Family Law Matters

Why can’t I handle my family law matter on my own?

In Arizona, you actually can: the law does not require you to have an attorney to represent your interests in a family law matter. In fact, Arizona has allowed special non-lawyer practitioners – called certified document preparers or legal document preparers – who can assist individuals in completing paperwork (including filling out court documents) in family law matters. If you are a small business owner or a corporate employee with substantial assets, however, you should seriously consider hiring an attorney to represent your interests whenever an adversarial or potentially-adversarial family law matter arises, such as a prenuptial agreement, an adoption, a child custody dispute, or a divorce.

How important is a lawyer in the area of family law? The answer to that question depends on how much you value your time and your peace of mind. A family law matter can be difficult and emotional even without the stress of paperwork and strangers (such as courts and opposing attorneys) becoming involved in your personal situation. An experienced lawyer can help reduce the stress of the process, from filing the proper paperwork and fighting for custody to negotiating a property division that protects your interests.

The following are some of the types of family law matters with which IVAN & ASSOCIATES may assist.

Prenuptial Agreement

This is a written agreement entered into prior to marriage between future spouses to govern the assets and debts during the marriage and in the event the marriage ends in divorce. Although most people do not enter into a marriage with the expectation that there will be divorce, a prenuptial agreement does not require a divorce in order to take effect: it actually can govern assets and debts during the marriage itself.


A common adoption in Arizona is a step-parent adoption, where a stepparent wishes to adopt their spouse’s minor son or daughter. Sometimes the children’s other parent passed away, or other reasons exist for terminating their parental rights.

Child Custody

Child custody disputes generally involve two separate but related issues for couples going through a divorce or unmarried parents of minor children: (1) parenting time, and (2) legal decision-making. Parenting time, or otherwise generally called “custody,” refers to which parent has a right to physically have custody of the children at different times of the month, quarter, or year. Legal decision-making refers to which parent has a right to make medical, educational, religious, and other decisions for the children. Although generally thought of as being the same thing, custody and legal decision-making are independent, and courts can make different decisions concerning these aspects so as to best meet the interests of the children.

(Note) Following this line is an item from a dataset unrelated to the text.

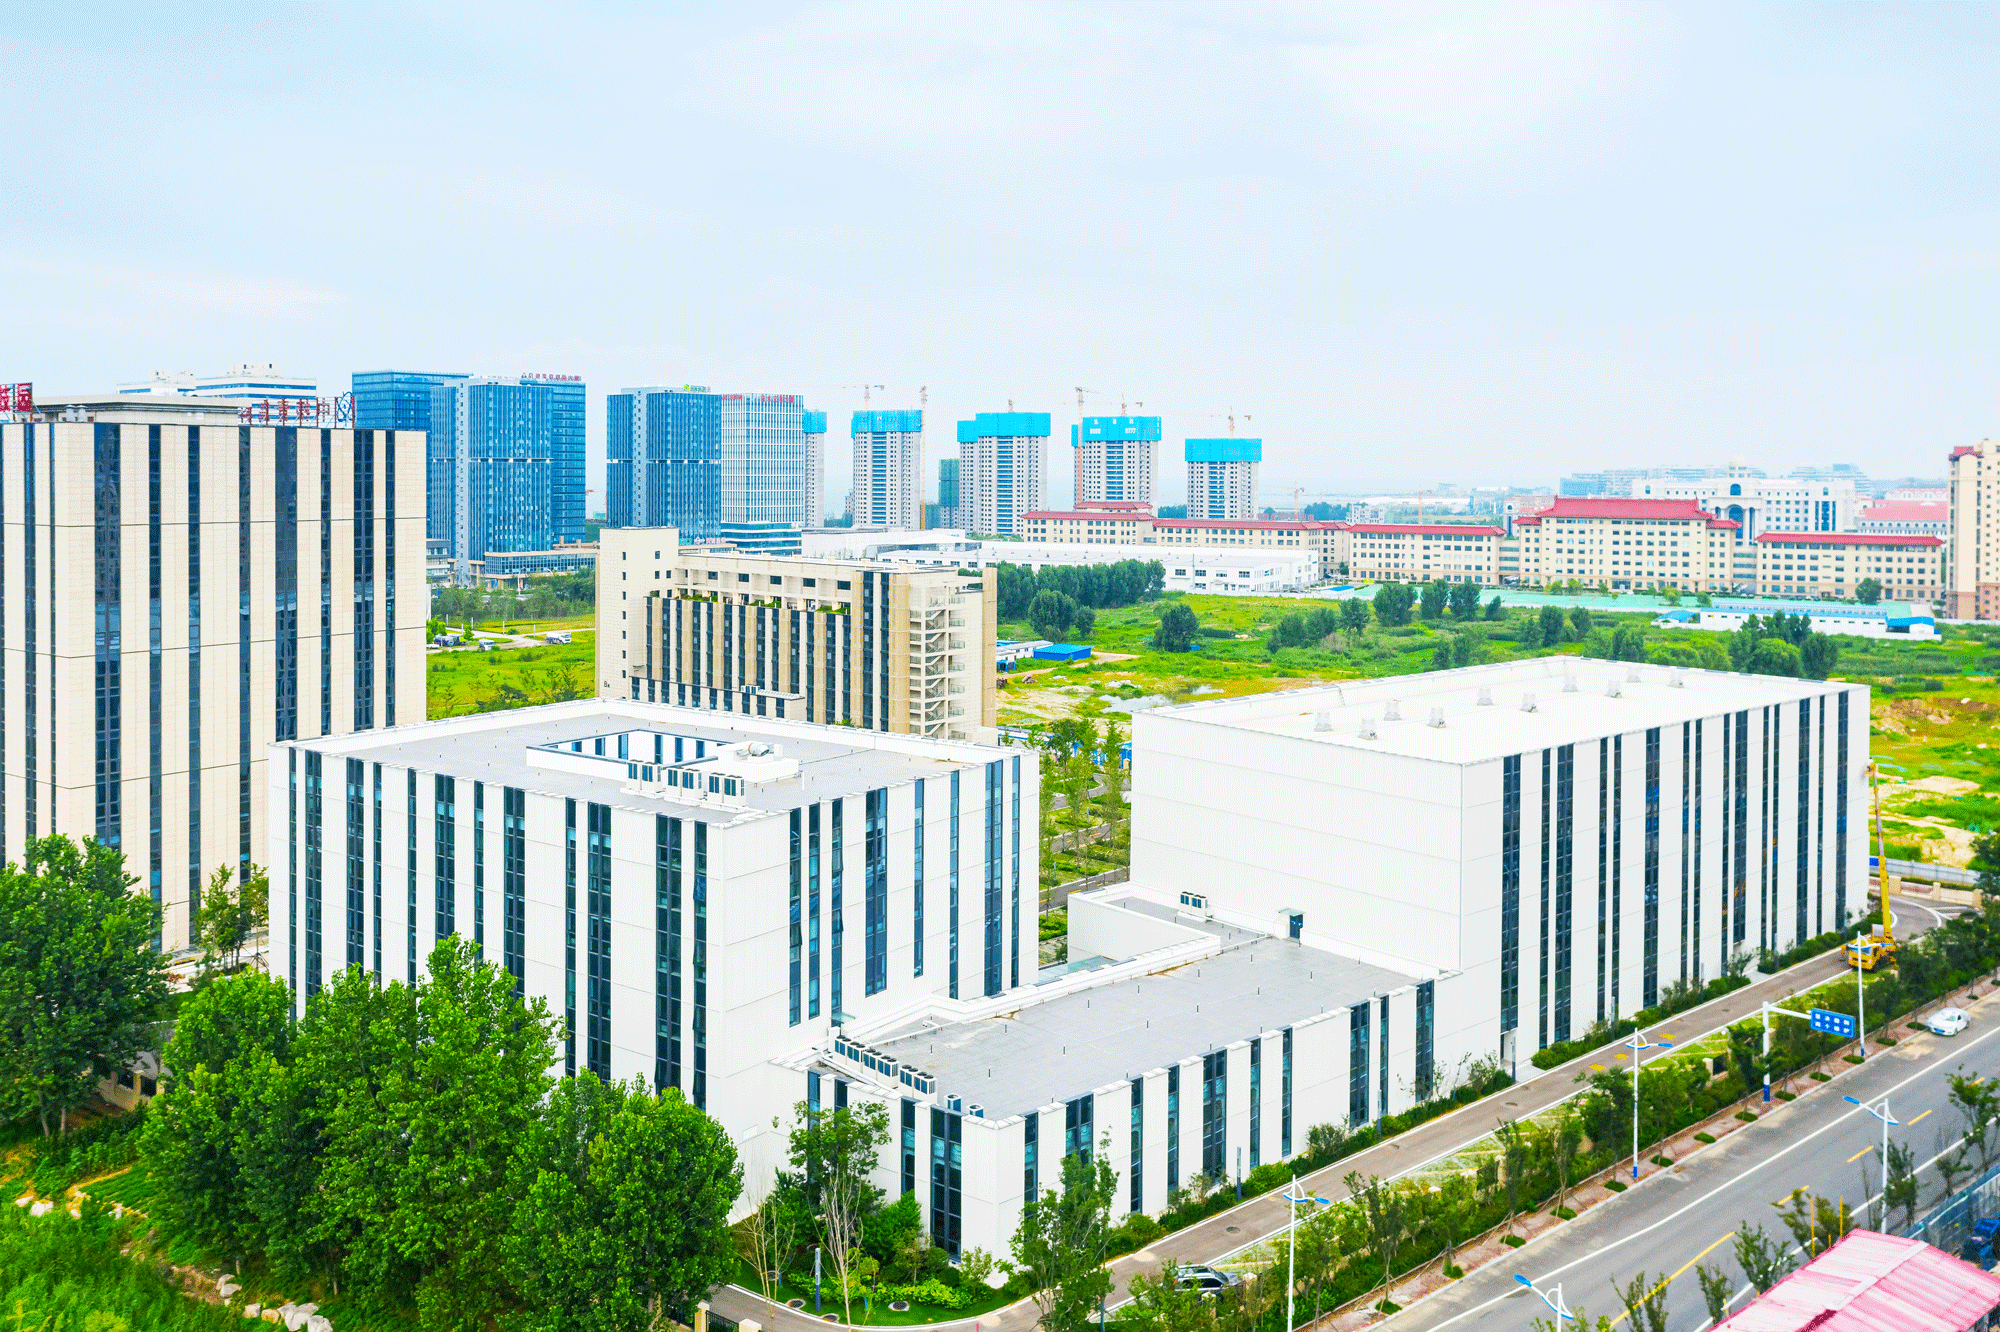 Parque tecnológico de qingdao, ¡Crea un parque moderno con tecnología prefabricada!(图3)

Related to child custody is the issue of child support, which is the financial support to be provided by each parent for the lodging and clothing expenses, nourishment expenses, educational expenses, medical expenses, and other living expenses of the children.


A divorce is the legal process by which a marriage is dissolved. As compared to a legal separation, which can be temporary, a divorce is a final dissolution of marriage. There are typically five issues that arise during a divorce: (1) child custody and legal decision-making; (2) child support; (3) alimony (also called spousal maintenance); (4) division of assets; and (5) division of debts.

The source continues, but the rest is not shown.